Bugün ABD sözcüleri, 2010’dan beri zorlanan barış görüşmeleri sürecinde ilk kez bu kadar ciddi bir noktaya gelindiğini söylüyorlar. 18 yıl önce terörü beslediği için yok etme amacıyla savaş başlattıkları Taliban’dan bugün “Afganistan’ı ABD’ye saldırmak isteyen uluslararası terör grupları için üs olarak kullandırmama” sözü bekliyorlar. Taliban ise görüşmelerin neticelenmesi için ön şartın yabancı güçlerin Afganistan’dan çekilmesi olduğu konusunda ısrarcı.

Daha önce üç kez İngiliz sömürgecilerini, bir kez Sovyet işgalcilerini püskürten Afgan halkı, bu kez de direnişiyle ABD emperyalizmini mağlup etti.

 

Irak: Dünyanın ikna olmadığı savaş

Irak işgali, belki de ABD’nin küresel hegemonyasına vurulmuş en büyük darbelerden birisidir. ABD, Şili’den İran’a, Veneuzela’dan Irak’a tam olarak hoşuna gitmeyen her yerde “rejim değişikliği” deniyor veya denemeyi arzuluyor. Ancak bu çabanın altında demokrasilerle veya özgürlüklerle ilgili bir hassasiyet değil, ABD’li kapitalistlerin kısa ve uzun vadeli çıkarları yatıyor. Kamuoyu önündeki söylemin arkasında bunu dile getirmekten pek de çekinmiyorlar. ABD’li uluslararası ilişkiler stratejisti Geore Friedman şöyle diyordu:

“Irak’ın fethi tarihteki önemsiz olaylardan biri olmayacak: bu, Ortadoğu’ya yeni bir emperyal gücün girişini simgeleyecek. Amerika Birleşik Devletleri, çeşitli koalisyonlarla olayları etkileyen dışsal bir güç olmaktan çıkıp kendi başına da etkili bir şekilde operasyon yapabilen bölgesel bir güce dönüşecek. En önemlisi de Suudi Arabistan ve Suriye gibi ülkeler yeni ve hoşlarına gitmeyen bir dünyada yaşıyor olacaklar.”19

ABD birçok yerde en kanlı darbeleri veya diktatörlükleri destekleyebiliyor. Bugün Suudi Arabistan ve Mısır’daki rejimlere verilen destek, bunun güzel bir örneği.
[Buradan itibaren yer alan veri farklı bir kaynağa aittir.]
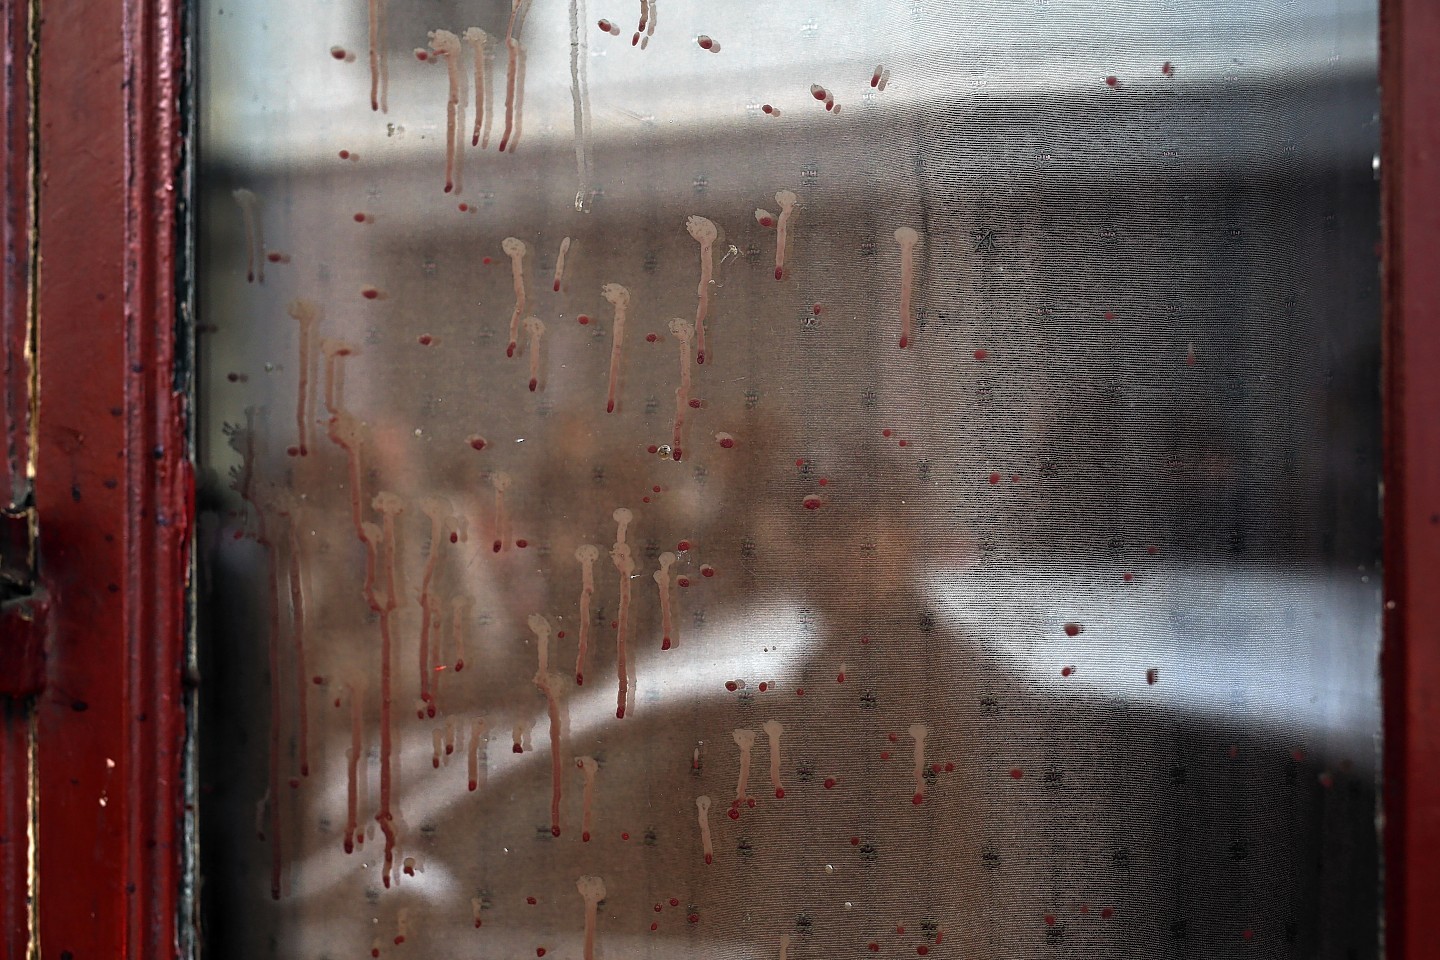 Dried blood can be seen on the window of  the Carillon cafe

Dolayısıyla, her ne kadar Saddam Hüseyin gerçekten de Irak’ın halklarına kan kusturmuş berbat bir diktatör de olsa, tüm dünyada eşitlikten ve barıştan yana olanlar, ABD’nin işgal hamlesine hiçbir şekilde destek vermedi.

İlerleyen yıllarda ABD’de Barack Obama, Irak işgalinin yanlışlığı üzerinden bir kampanya yürüterek ülkenin ilk siyah cumhurbaşkanı oldu. İngiltere’de ise Chilcot Raporu’ndan sonra dönemin başbakanı Tony Blair özür dilemek zorunda kaldı. Rapor, Blair’i yalancı ilan ediyordu.20 Irak’ta ölen İngiliz askerlerinden birinin kardeşi ise Blair’e terörist dedi.21 Bush ve çetesi, tüm dünyanın gözünde eli kanlı katillerdi.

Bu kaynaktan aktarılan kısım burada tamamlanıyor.